Esta determinación es la que quiere; estotro afligimiento que nos damos no
sirve demás de inquietar el alma y, si había de estar inhábil para aprovechar
una hora, que lo esté cuatro... Y ansi es bien, ni siempre dejar la oración
cuando hay gran distraimiento y turbación en el entendimiento ni siempre
atormentar el alma a lo que no puede".
Que vea el lector amigo cómo la misma santa, maestra en la vida de oración,
vivió la llamada oración de quietud: "Esta quietud y recogimiento del alma es
cosa que se siente mucho en la satisfacción y paz que en ella se pone con
grandísimo contento y sosiego de las potencias y muy suave deleite... (Es
oración que se hace) no con ruido de palabras, sino con sentimiento de
desear que nos oiga. Es oración que comprende mucho y se alcanza más que
por mucho relatar el entendimiento. Despierte en si la voluntad algunas
razones que de la misma razón se representarán de verte tan mejorada para
avivar este amor y haga algunos actos amorosos de qué hará por quien tanto
debe, sin -como he dicho- admitir ruido del entendimiento a que busque
grandes cosas. Más hacen aquí al caso unas pajitas puestas con humildad (y
menos serán que pajas si las ponemos nosotros) y más le ayudarán a
encender, que no mucha leña junta de razones muy doctas -a nuestro
parecer- que en un credo la ahogarán... Porque por la voluntad de Dios todos
llegan aquí y podrá ser se les vaya el tiempo en aplicar escrituras; y aunque
no les dejarán de aprovechar mucho las letras antes y después (de la
oración), aquí en estos ratos de oración poca necesidad hay de ellas -a mi
parecer- si no es para entibiar la voluntad; porque el entendimiento está
entonces de verse cerca de la luz, con grandísima claridad, que aun yo, con
ser la que soy, parezco otra".
9. Orar siempre
"Estad siempre alegres, orad sin cesar" (1 Te: 5, 16).

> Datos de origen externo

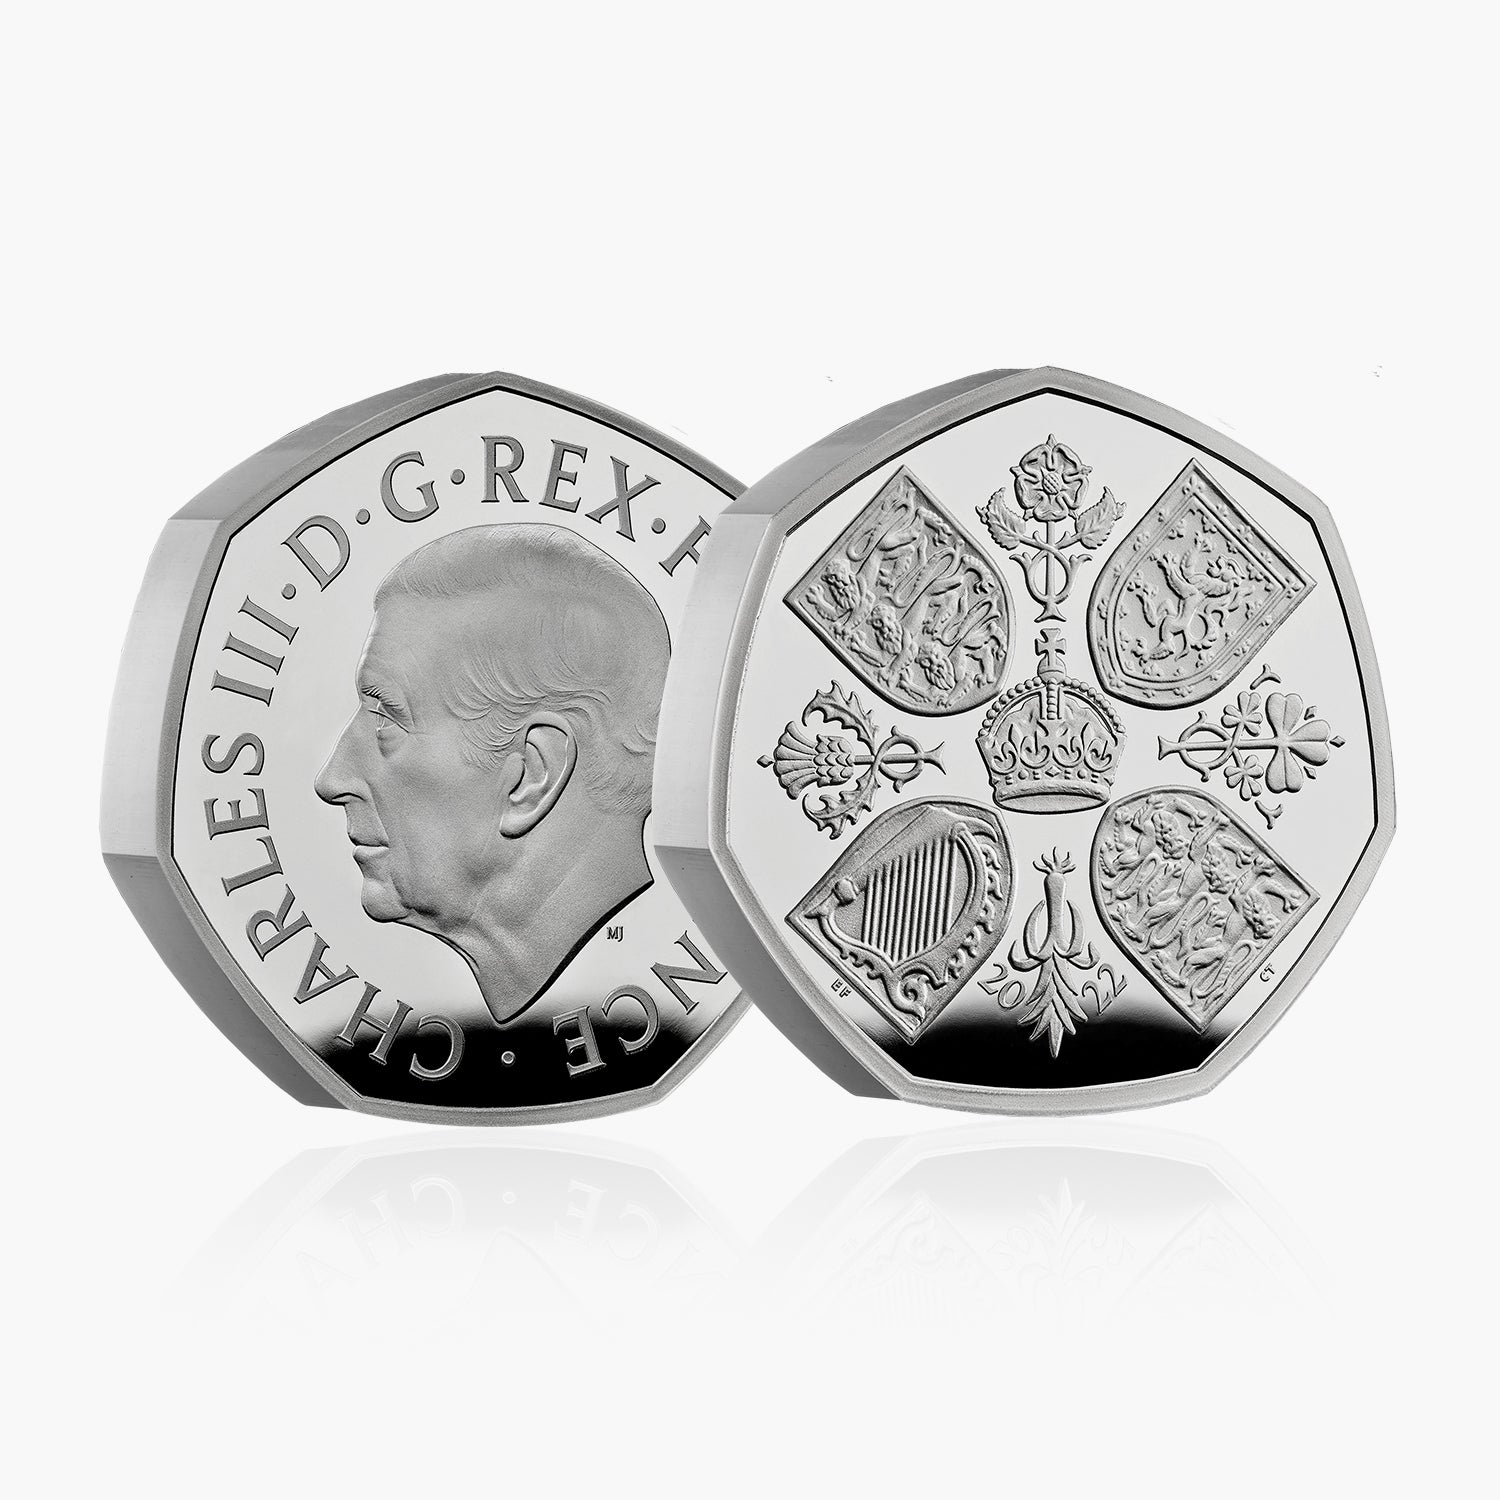 Her Majesty Queen Elizabeth II 2022 50p Silver Piedfort Coin - King Charles III first portrait

Esta recomendación de Cristo, repetida luego por san Pablo, no puede,
ciertamente, interpretarse como un consejo para que estemos
continuamente rezando oraciones. En primer lugar, orar o rezar no consiste
fundamentalmente en hacer algo. Es más bien un modo característico de ser
del cristiano que ama de verdad al Señor. Es ser algo así como el que está
apasionadamente enamorado. Estar enamorado es ser y sentirse muy
diferente de cuando no se estaba enamorado o se ha dejado de estar.